= INPUT FOR THIS TASK =
<<<<

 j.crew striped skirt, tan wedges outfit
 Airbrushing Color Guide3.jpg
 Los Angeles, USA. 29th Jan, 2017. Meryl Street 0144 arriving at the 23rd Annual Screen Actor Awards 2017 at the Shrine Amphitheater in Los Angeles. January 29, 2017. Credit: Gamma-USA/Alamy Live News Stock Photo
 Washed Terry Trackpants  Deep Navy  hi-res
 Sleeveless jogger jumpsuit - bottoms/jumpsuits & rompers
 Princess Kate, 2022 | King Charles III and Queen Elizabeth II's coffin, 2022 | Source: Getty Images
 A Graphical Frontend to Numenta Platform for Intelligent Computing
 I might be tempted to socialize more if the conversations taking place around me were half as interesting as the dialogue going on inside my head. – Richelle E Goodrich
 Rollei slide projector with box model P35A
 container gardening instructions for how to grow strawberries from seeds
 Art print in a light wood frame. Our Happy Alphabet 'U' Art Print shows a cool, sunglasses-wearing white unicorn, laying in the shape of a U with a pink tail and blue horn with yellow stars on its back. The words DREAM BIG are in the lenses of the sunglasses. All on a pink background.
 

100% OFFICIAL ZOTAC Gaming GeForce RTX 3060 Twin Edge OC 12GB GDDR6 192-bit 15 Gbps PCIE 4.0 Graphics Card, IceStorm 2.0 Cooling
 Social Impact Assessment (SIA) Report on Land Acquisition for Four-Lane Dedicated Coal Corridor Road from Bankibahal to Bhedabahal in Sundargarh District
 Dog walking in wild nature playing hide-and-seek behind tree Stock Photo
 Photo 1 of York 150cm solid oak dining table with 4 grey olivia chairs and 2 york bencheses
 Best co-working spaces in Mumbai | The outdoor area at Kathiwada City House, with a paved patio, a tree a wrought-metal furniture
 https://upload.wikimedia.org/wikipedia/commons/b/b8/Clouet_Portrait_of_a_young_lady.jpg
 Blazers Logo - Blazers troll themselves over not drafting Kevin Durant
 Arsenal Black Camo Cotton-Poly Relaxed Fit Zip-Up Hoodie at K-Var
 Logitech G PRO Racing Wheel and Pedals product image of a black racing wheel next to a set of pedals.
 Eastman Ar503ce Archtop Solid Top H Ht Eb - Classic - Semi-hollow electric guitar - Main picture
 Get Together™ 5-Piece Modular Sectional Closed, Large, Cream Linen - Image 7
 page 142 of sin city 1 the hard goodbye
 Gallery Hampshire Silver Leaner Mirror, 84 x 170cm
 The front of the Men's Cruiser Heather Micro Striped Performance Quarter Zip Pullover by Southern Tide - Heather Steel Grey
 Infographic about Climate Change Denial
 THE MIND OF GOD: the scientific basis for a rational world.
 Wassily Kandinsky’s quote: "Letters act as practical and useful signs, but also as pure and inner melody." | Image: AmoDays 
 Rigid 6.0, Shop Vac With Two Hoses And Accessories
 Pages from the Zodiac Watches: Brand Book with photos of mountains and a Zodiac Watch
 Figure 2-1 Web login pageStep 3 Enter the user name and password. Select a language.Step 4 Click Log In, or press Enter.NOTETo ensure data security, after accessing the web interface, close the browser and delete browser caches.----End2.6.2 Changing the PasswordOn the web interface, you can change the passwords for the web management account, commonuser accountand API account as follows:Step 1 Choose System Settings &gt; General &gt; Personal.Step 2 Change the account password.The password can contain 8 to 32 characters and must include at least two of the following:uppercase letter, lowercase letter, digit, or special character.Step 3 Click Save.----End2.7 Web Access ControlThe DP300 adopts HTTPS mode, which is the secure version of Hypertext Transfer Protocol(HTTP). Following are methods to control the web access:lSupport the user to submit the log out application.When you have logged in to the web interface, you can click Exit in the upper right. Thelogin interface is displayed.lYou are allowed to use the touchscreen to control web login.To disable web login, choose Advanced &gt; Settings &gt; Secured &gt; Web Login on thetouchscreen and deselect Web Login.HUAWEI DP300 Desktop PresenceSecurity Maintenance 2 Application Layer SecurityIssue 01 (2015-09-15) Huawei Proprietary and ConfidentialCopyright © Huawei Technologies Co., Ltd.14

>>>>

= PROBLEM REQUIREMENTS =
Among the lines above, find the one with "Dog walking in" and the one with "Rigid 6.0, Shop". Quote both and everything between them, exactly.

= WRITTEN SOLUTION =
 Dog walking in wild nature playing hide-and-seek behind tree Stock Photo
 Photo 1 of York 150cm solid oak dining table with 4 grey olivia chairs and 2 york bencheses
 Best co-working spaces in Mumbai | The outdoor area at Kathiwada City House, with a paved patio, a tree a wrought-metal furniture
 https://upload.wikimedia.org/wikipedia/commons/b/b8/Clouet_Portrait_of_a_young_lady.jpg
 Blazers Logo - Blazers troll themselves over not drafting Kevin Durant
 Arsenal Black Camo Cotton-Poly Relaxed Fit Zip-Up Hoodie at K-Var
 Logitech G PRO Racing Wheel and Pedals product image of a black racing wheel next to a set of pedals.
 Eastman Ar503ce Archtop Solid Top H Ht Eb - Classic - Semi-hollow electric guitar - Main picture
 Get Together™ 5-Piece Modular Sectional Closed, Large, Cream Linen - Image 7
 page 142 of sin city 1 the hard goodbye
 Gallery Hampshire Silver Leaner Mirror, 84 x 170cm
 The front of the Men's Cruiser Heather Micro Striped Performance Quarter Zip Pullover by Southern Tide - Heather Steel Grey
 Infographic about Climate Change Denial
 THE MIND OF GOD: the scientific basis for a rational world.
 Wassily Kandinsky’s quote: "Letters act as practical and useful signs, but also as pure and inner melody." | Image: AmoDays 
 Rigid 6.0, Shop Vac With Two Hoses And Accessories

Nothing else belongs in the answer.